Step 5: Run a short verification window before declaring victory
After you add negatives:
- Wait for performance to stabilize (at least several days; attribution typically resolves within ~24h, but purchase conversion can take longer).
- Compare CPI and install conversion rate (installs/taps) for the affected ad group(s).
What “good” looks like:
- Taps drop for blocked queries (expected)
- CPI improves (fewer wasted taps)
- Install conversion rate improves or stays stable
- ROAS/CPA improves after purchase attribution settles
What “bad” looks like:
- Taps drop but installs don’t improve (you may have blocked some decent traffic)
- CPI improves temporarily but downstream revenue doesn’t (you removed the wrong segment)
If you see a decline in overall install volume but metrics improve, that’s often okay—unless your business depends on volume. The key is value, not just cost.
Step 6: Maintain negatives as a weekly, not monthly, chore
Negative keyword quality decays as your market language evolves.
A simple cadence:
- Weekly: review top waste queries (by taps + low conversion)
- Every 2–4 weeks: review whether earlier negatives are still necessary (if performance changes, some blocked intent might have matured)
Keep a running log:
- negative terms added
- which bucket they belonged to
- expected impact
- observed results
This avoids repeating the same mistakes across apps/releases/countries.
Common failure modes (so you can avoid them)
“My negative list got huge and performance tanked”
That’s usually over-blocking plus missing scope control. Fix: rebuild from intent buckets and apply to the smallest necessary ad group(s).
“I negative’d by CPA, but conversion lag fooled me”
Purchase value can settle later than installs. Fix: use install conversion rate and TTR/tap patterns for near-term decisions, then validate revenue once purchase mapping has settled.
“Search terms report is noisy”
It is noisy—especially with low impressions. Fix: only act on query patterns with enough taps to matter, and avoid decisions based on single-day spikes.
Where this fits with an overall optimization loop
Negative keywords are not a replacement for:
- bid strategy (CPT max and auction pressure)
- country/store availability alignment
- keyword match type structure (exact vs broad vs Search Match)
- product page conversion tuning
They’re one of the best levers to reduce waste so the rest of your optimization actually has clean data to work with.

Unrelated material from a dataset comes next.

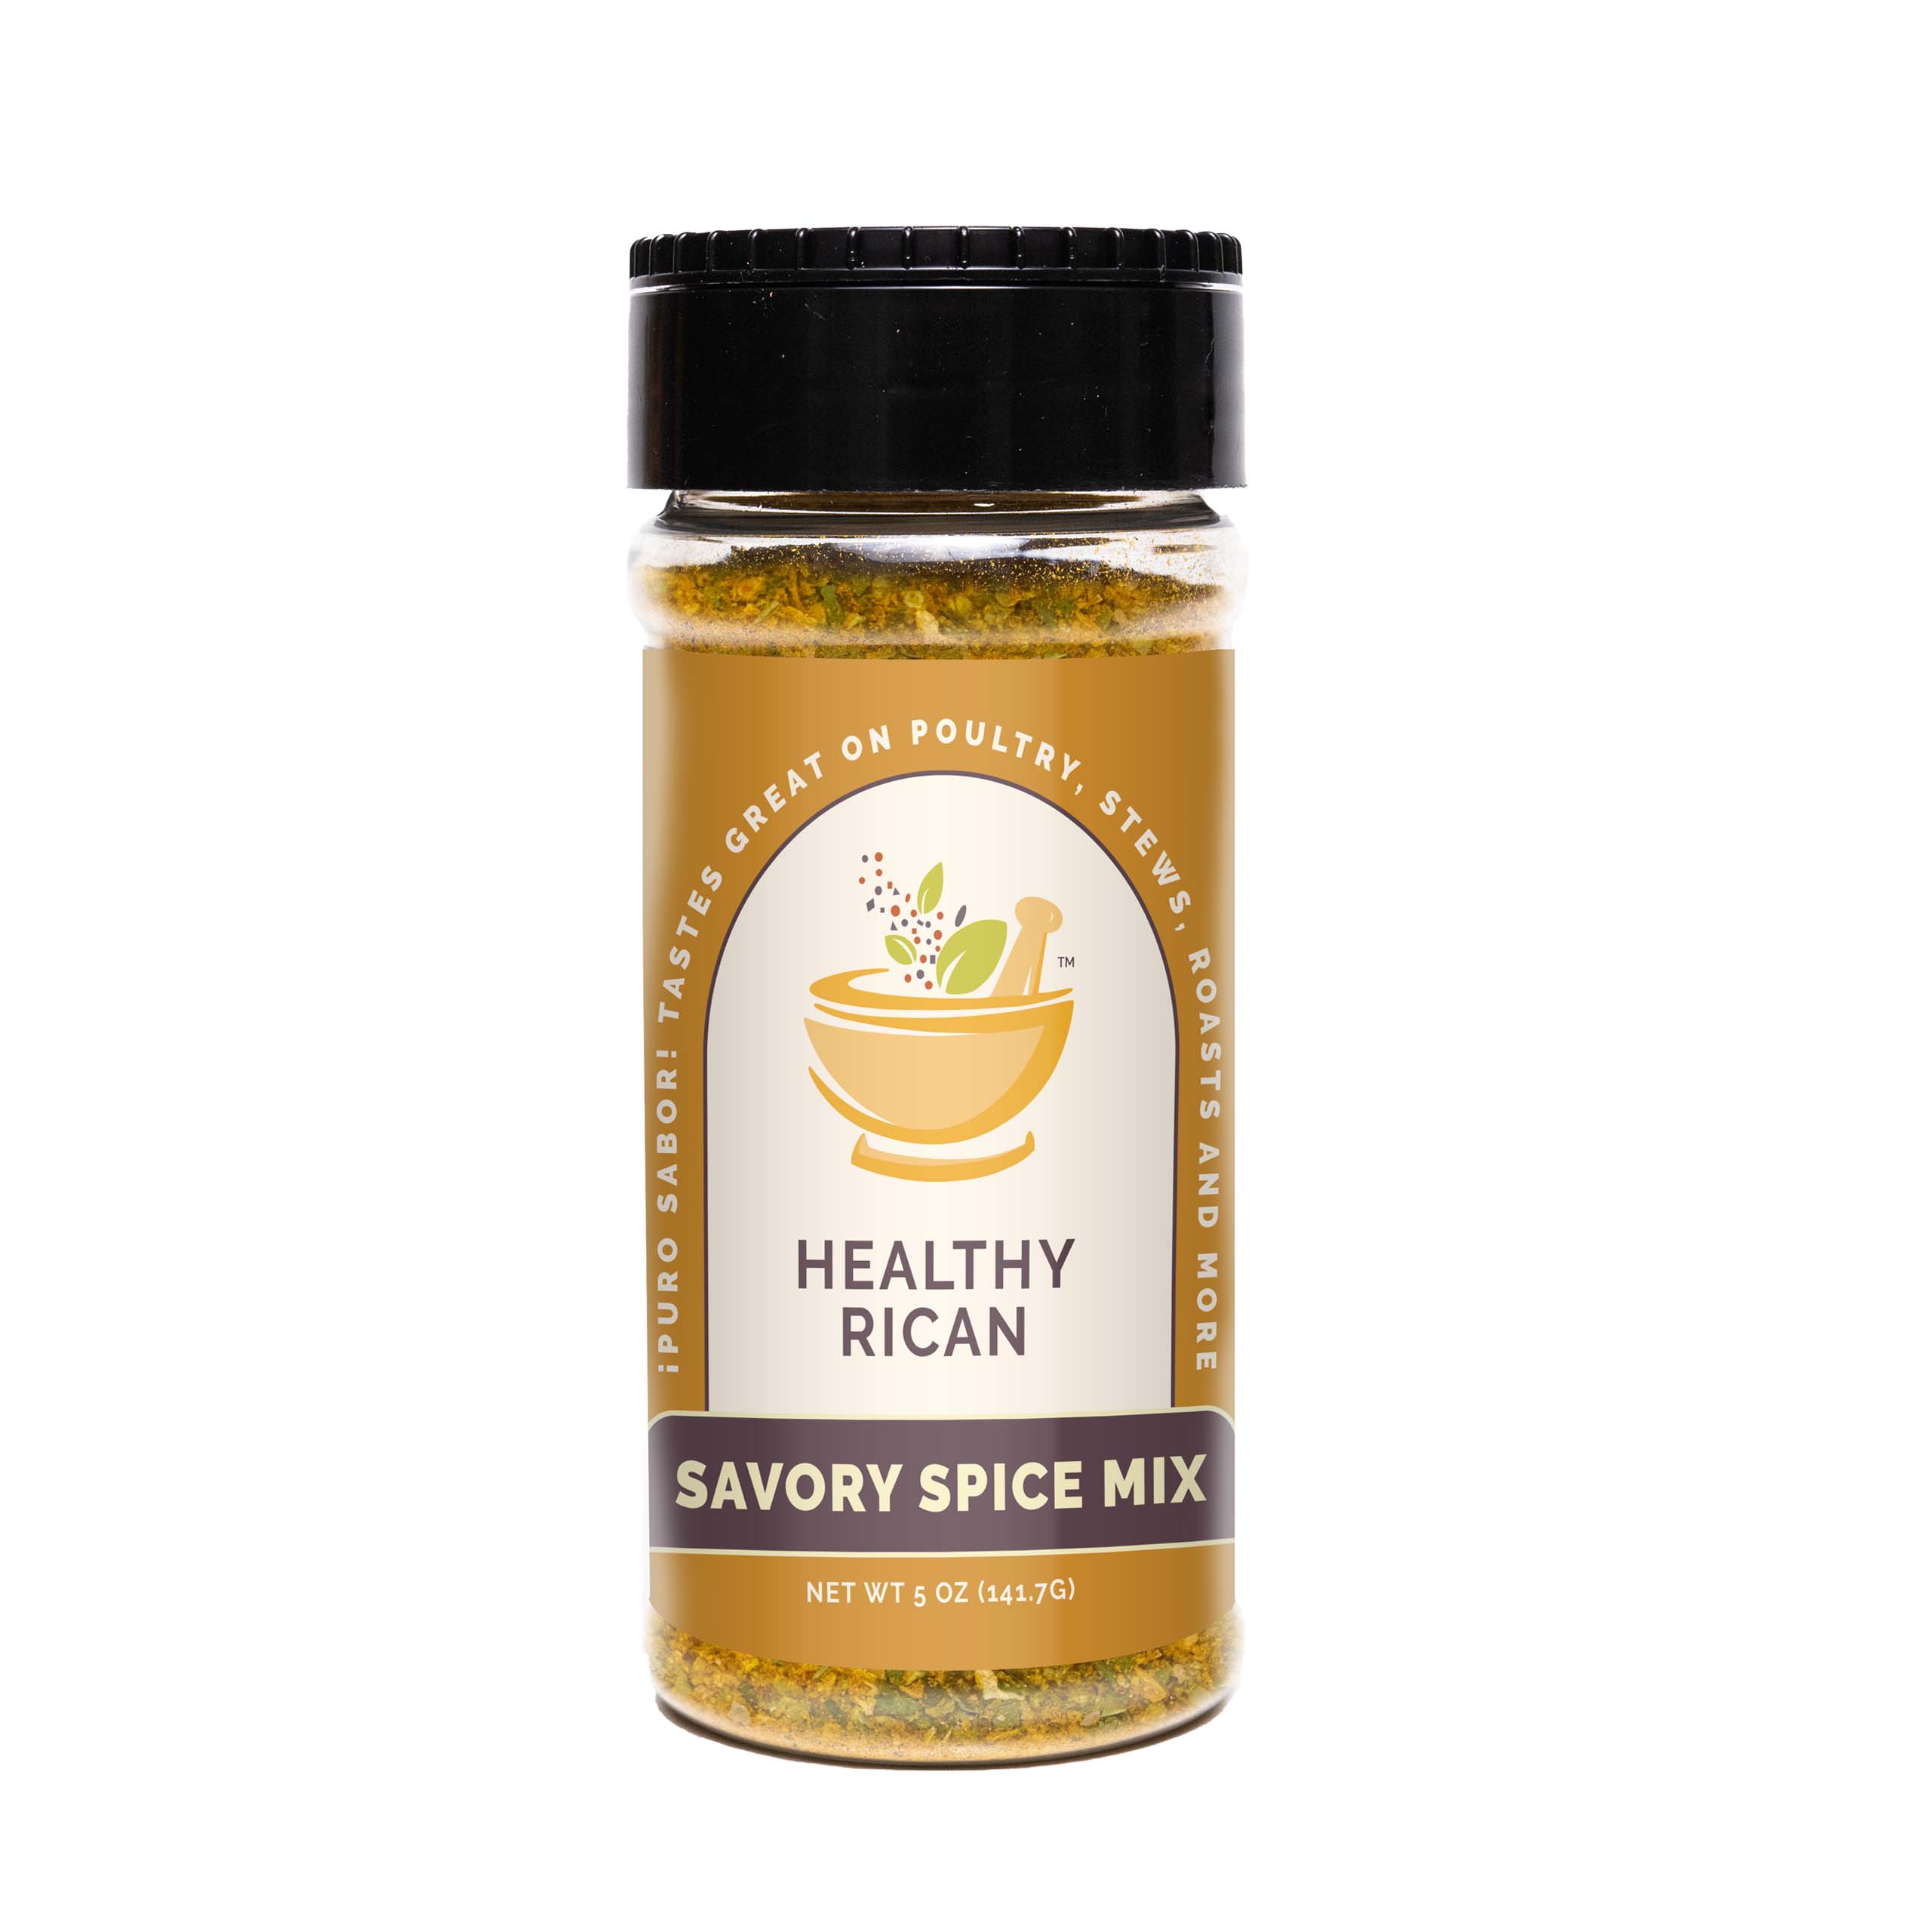 Savory Seasonings - Roaring Fork Spice Co

If you’re trying to be systematic across ASA accounts, AdsBuddy-style advisory workflows can help you turn Apple query data + your install→purchase attribution into a short prioritized list of changes you can approve and apply—without randomly tweaking bids while the underlying waste remains.
Closing takeaway
Build negative keywords from query intent patterns, apply them with scope control (start with one ad group/bucket), and validate using install conversion + downstream value after attribution settles. Done this way, negatives become a reliable CPI/CPA reducer—not a risky “guessing game.”